Network methods for describing sample relationships in genomic datasets: application to Huntington’s disease
1 Department of Neurology, The Eli and Edythe Broad Center of Regeneration Medicine and Stem Cell Research, University of California, San Francisco, USA
2 Department of Human Genetics, University of California, Los Angeles, USA
3 Department of Biostatistics, University of California, Los Angeles, CA, USA
BMC Systems Biology 2012, 6:63 doi:10.1186/1752-0509-6-63Published: 12 June 2012
Genomic datasets generated by new technologies are increasingly prevalent in disparate areas of biological research. While many studies have sought to characterize relationships among genomic features, commensurate efforts to characterize relationships among biological samples have been less common. Consequently, the full extent of sample variation in genomic studies is often under-appreciated, complicating downstream analytical tasks such as gene co-expression network analysis.

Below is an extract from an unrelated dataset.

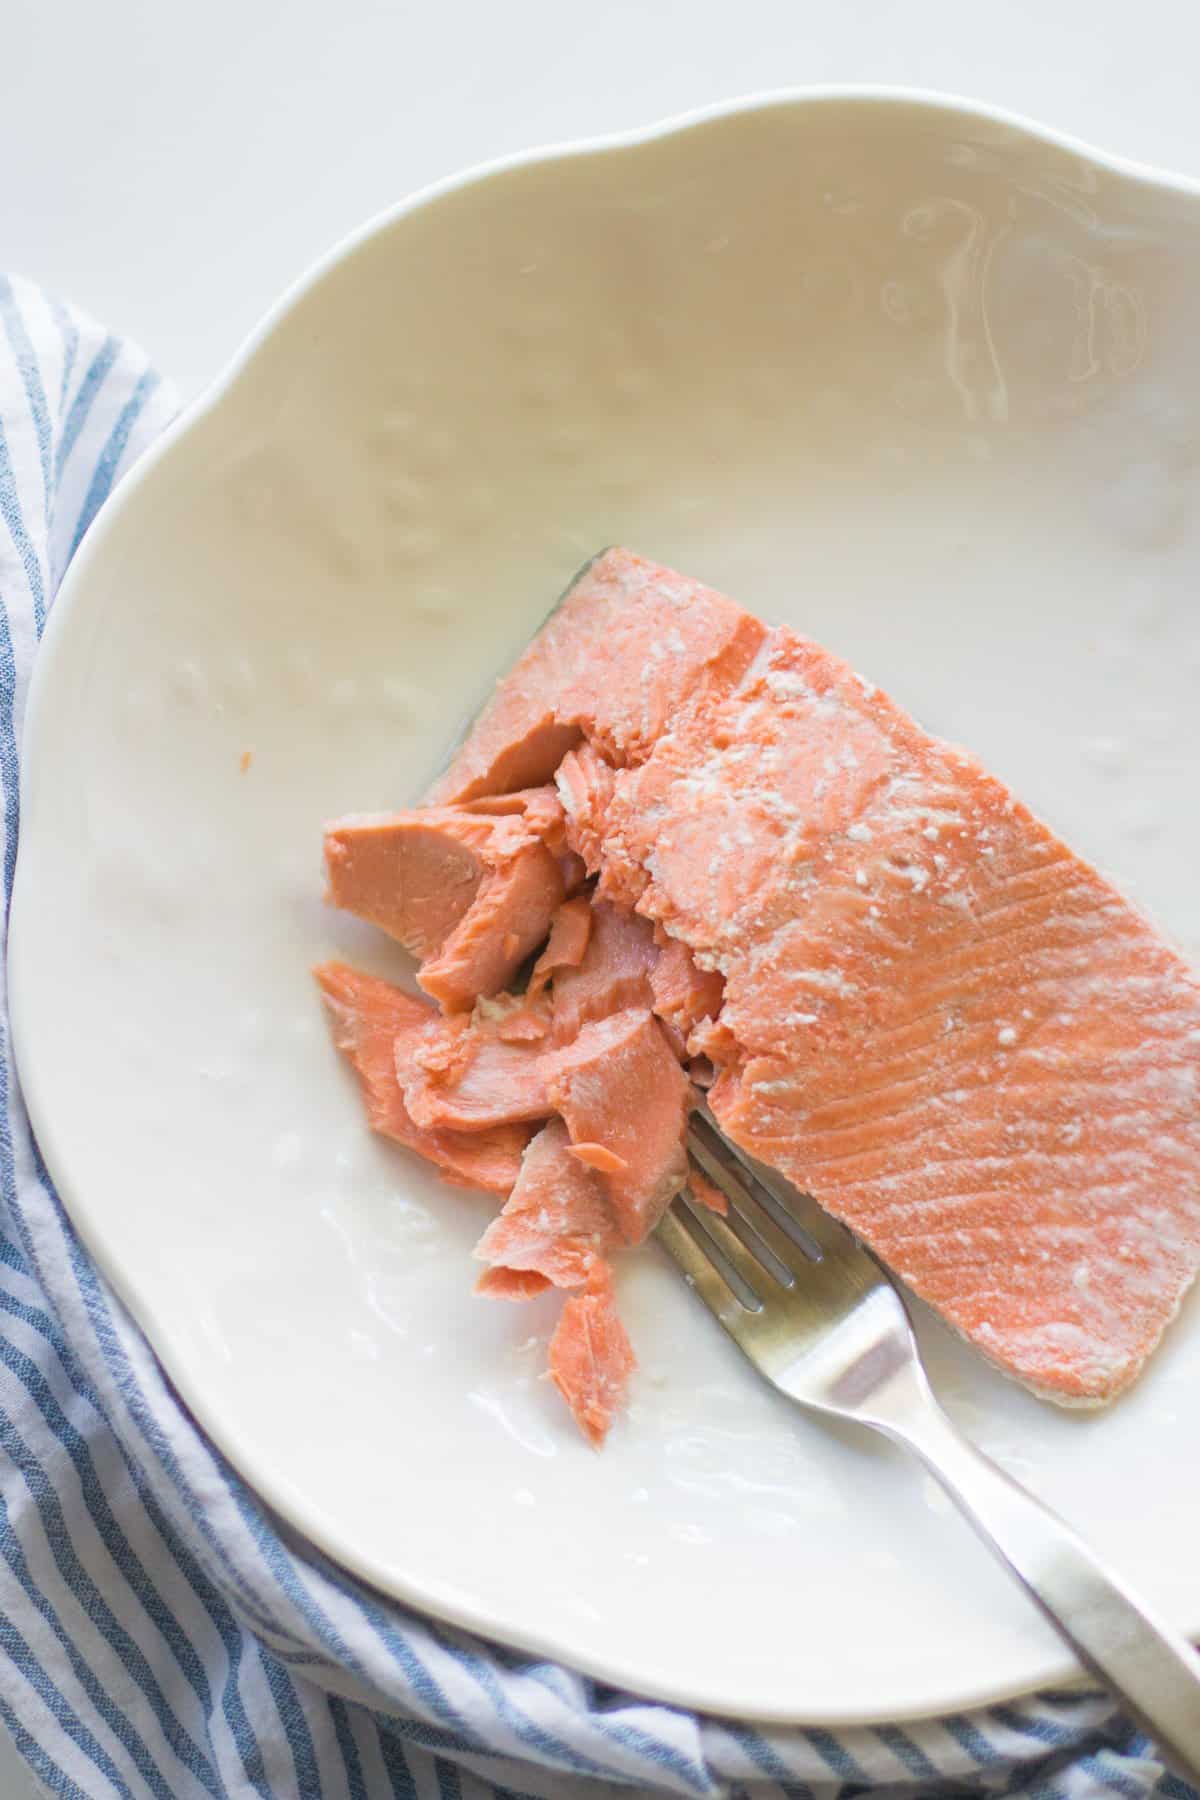 Poached salmon flaked with a fork.

Here we demonstrate the use of network methods for characterizing sample relationships in microarray data generated from human brain tissue. We describe an approach for identifying outlying samples that does not depend on the choice or use of clustering algorithms. We introduce a battery of measures for quantifying the consistency and integrity of sample relationships, which can be compared across disparate studies, technology platforms, and biological systems. Among these measures, we provide evidence that the correlation between the connectivity and the clustering coefficient (two important network concepts) is a sensitive indicator of homogeneity among biological samples. We also show that this measure, which we refer to as cor(K,C), can distinguish biologically meaningful relationships among subgroups of samples. Specifically, we find that cor(K,C) reveals the profound effect of Huntington’s disease on samples from the caudate nucleus relative to other brain regions. Furthermore, we find that this effect is concentrated in specific modules of genes that are naturally co-expressed in human caudate nucleus, highlighting a new strategy for exploring the effects of disease on sets of genes.
These results underscore the importance of systematically exploring sample relationships in large genomic datasets before seeking to analyze genomic feature activity. We introduce a standardized platform for this purpose using freely available R software that has been designed to enable iterative and interactive exploration of sample networks.